### YOUR TASK
Beginning with the line that holds "boty STEEL - 8", output every remaining line of the material below exactly, and include none of the pictures.

### RAW DATA
===
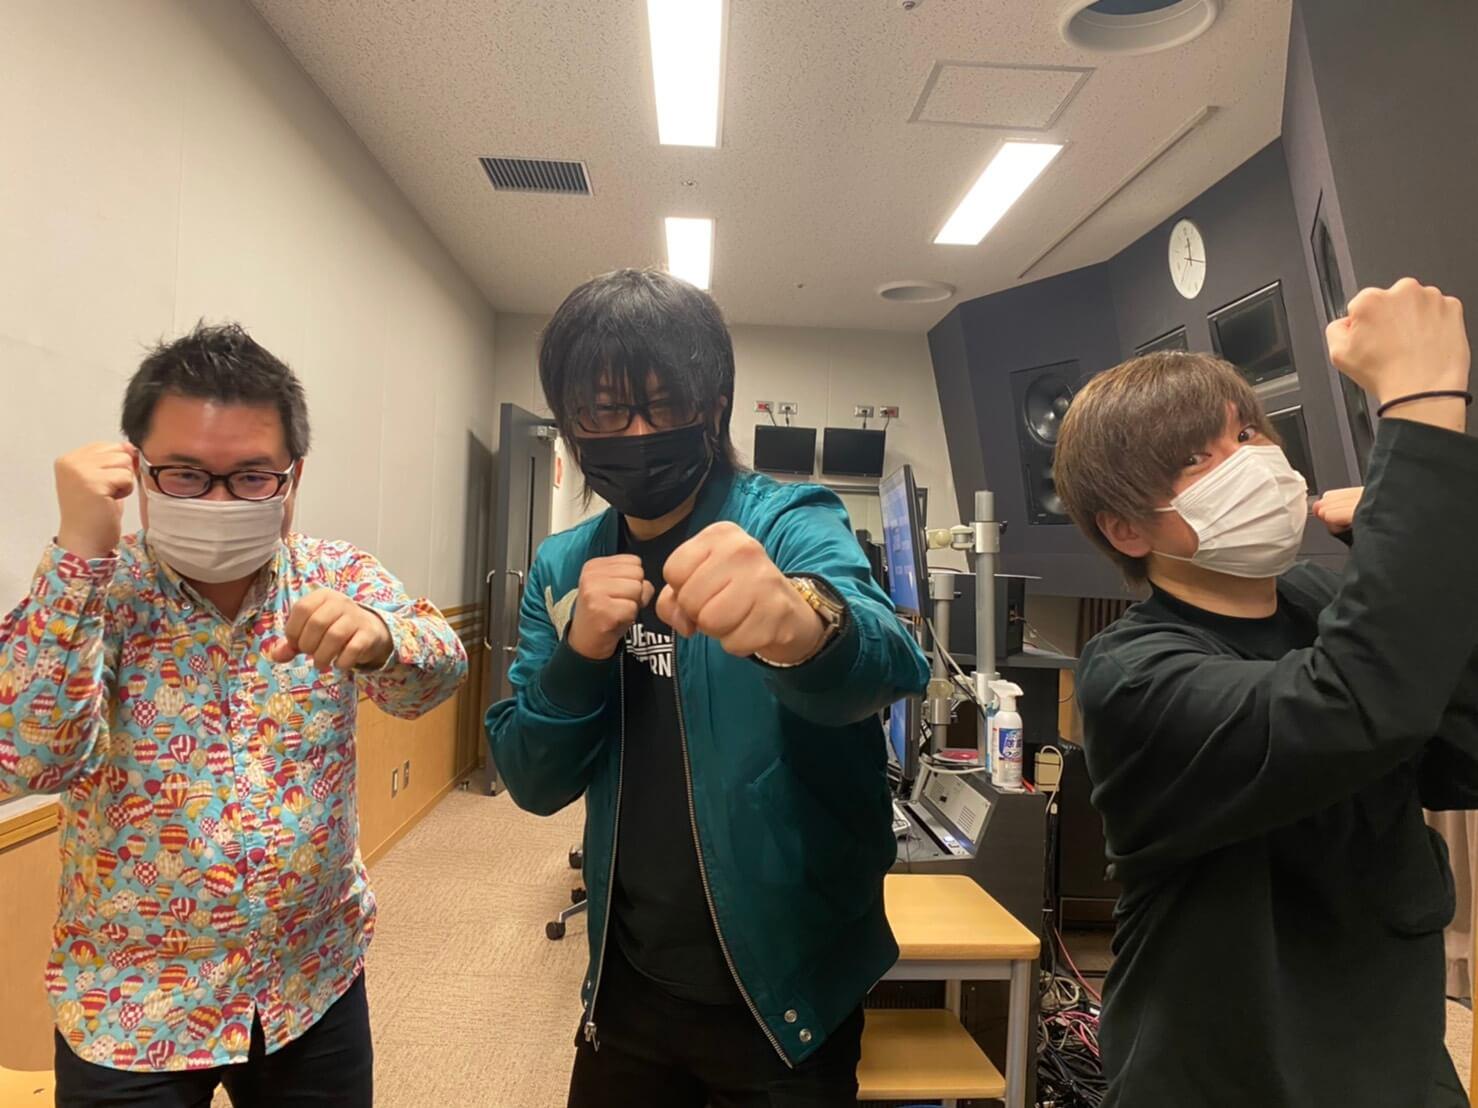 森川智之さんが『WADAX Radio』にゲストで初登場! ゲームやジャンケンなどの勝負事にめっぽう弱いという森川さんが『ワードウルフ』に挑戦!!
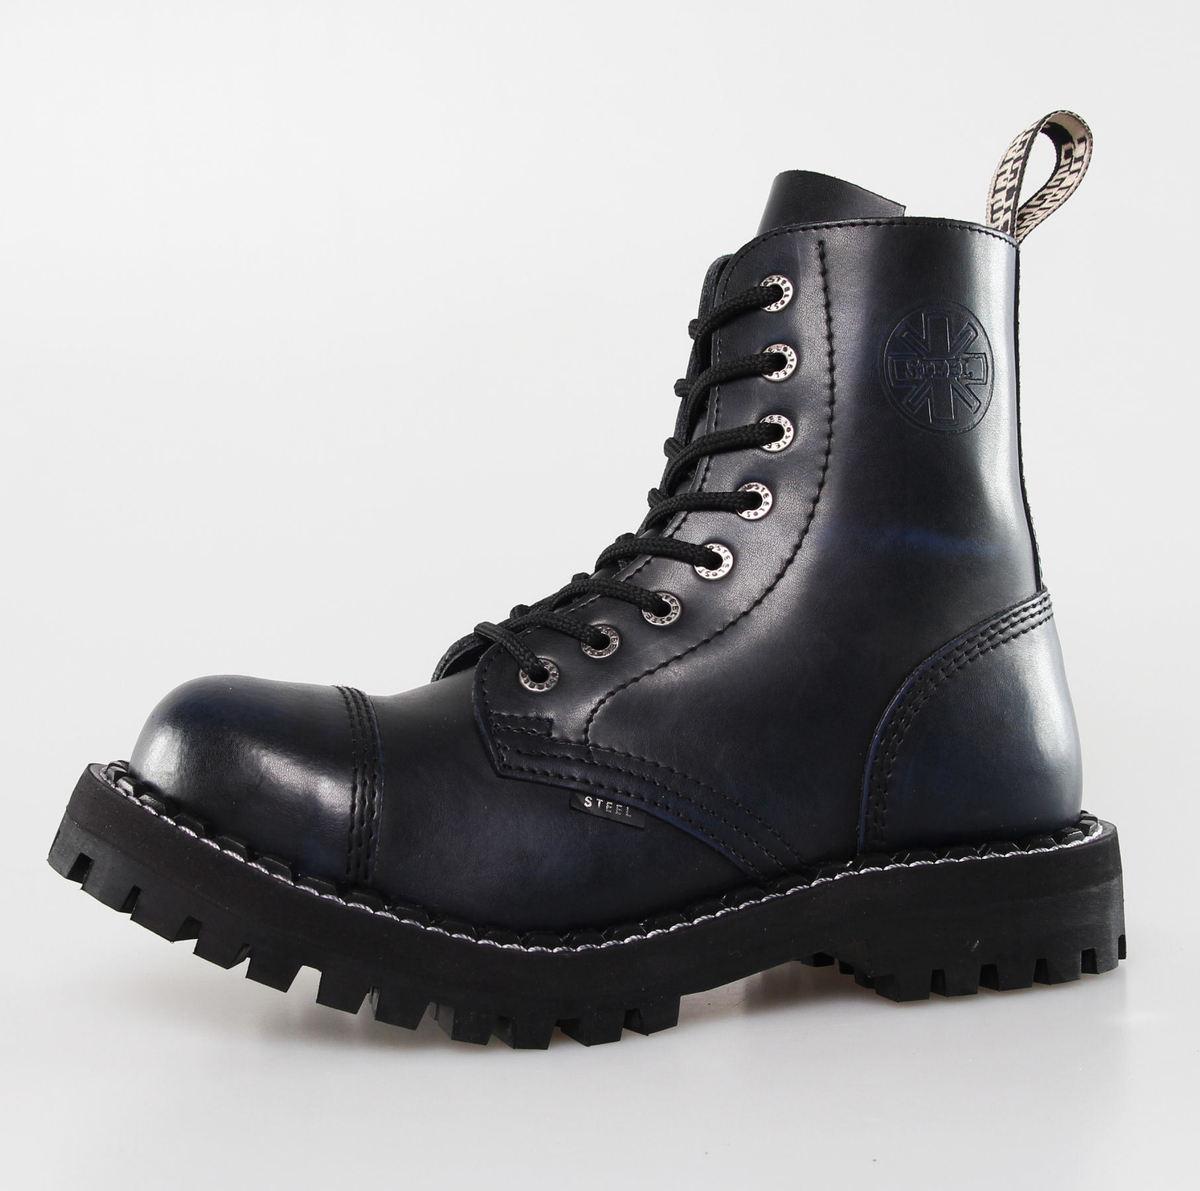 boty STEEL - 8 dírkové (113/114) - Black/Blue
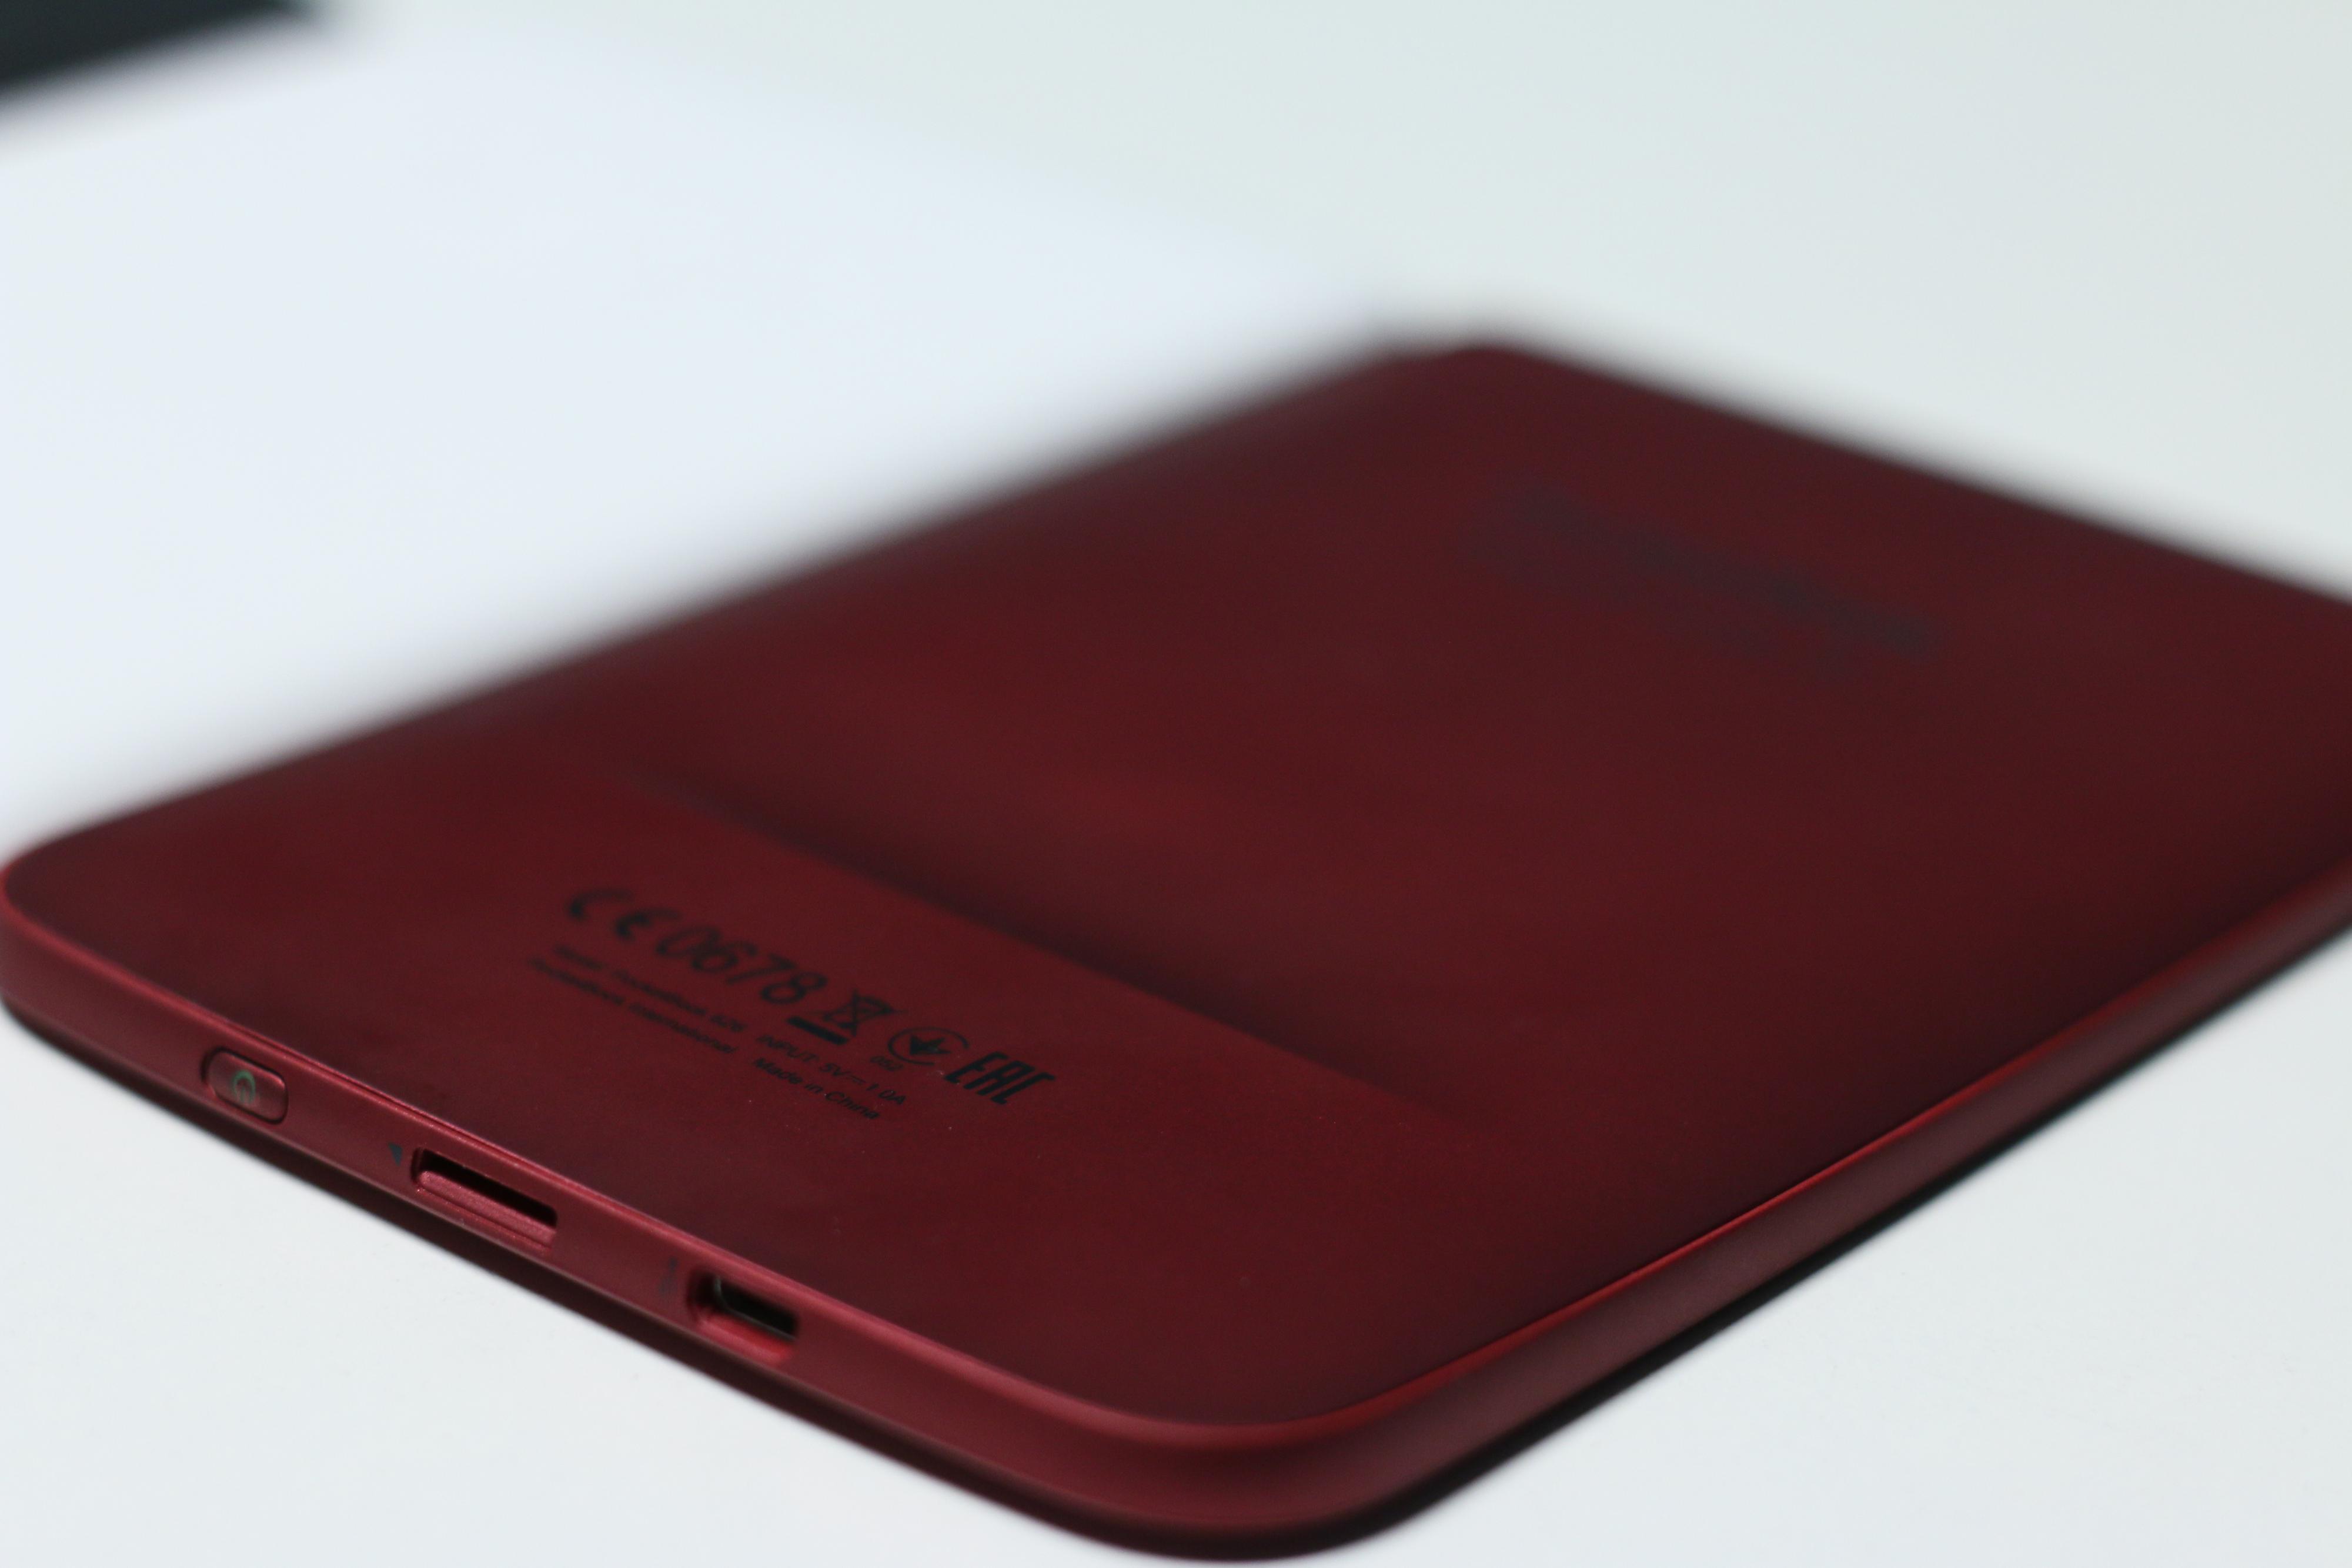 Den vesle kurven på baksiden av PocketBook sikrer at den ikke glir ut av hendene dine når du holder den over lengre perioder – til tross for det glatte materialet.
===
### ANSWER BELOW
 boty STEEL - 8 dírkové (113/114) - Black/Blue
 Den vesle kurven på baksiden av PocketBook sikrer at den ikke glir ut av hendene dine når du holder den over lengre perioder – til tross for det glatte materialet.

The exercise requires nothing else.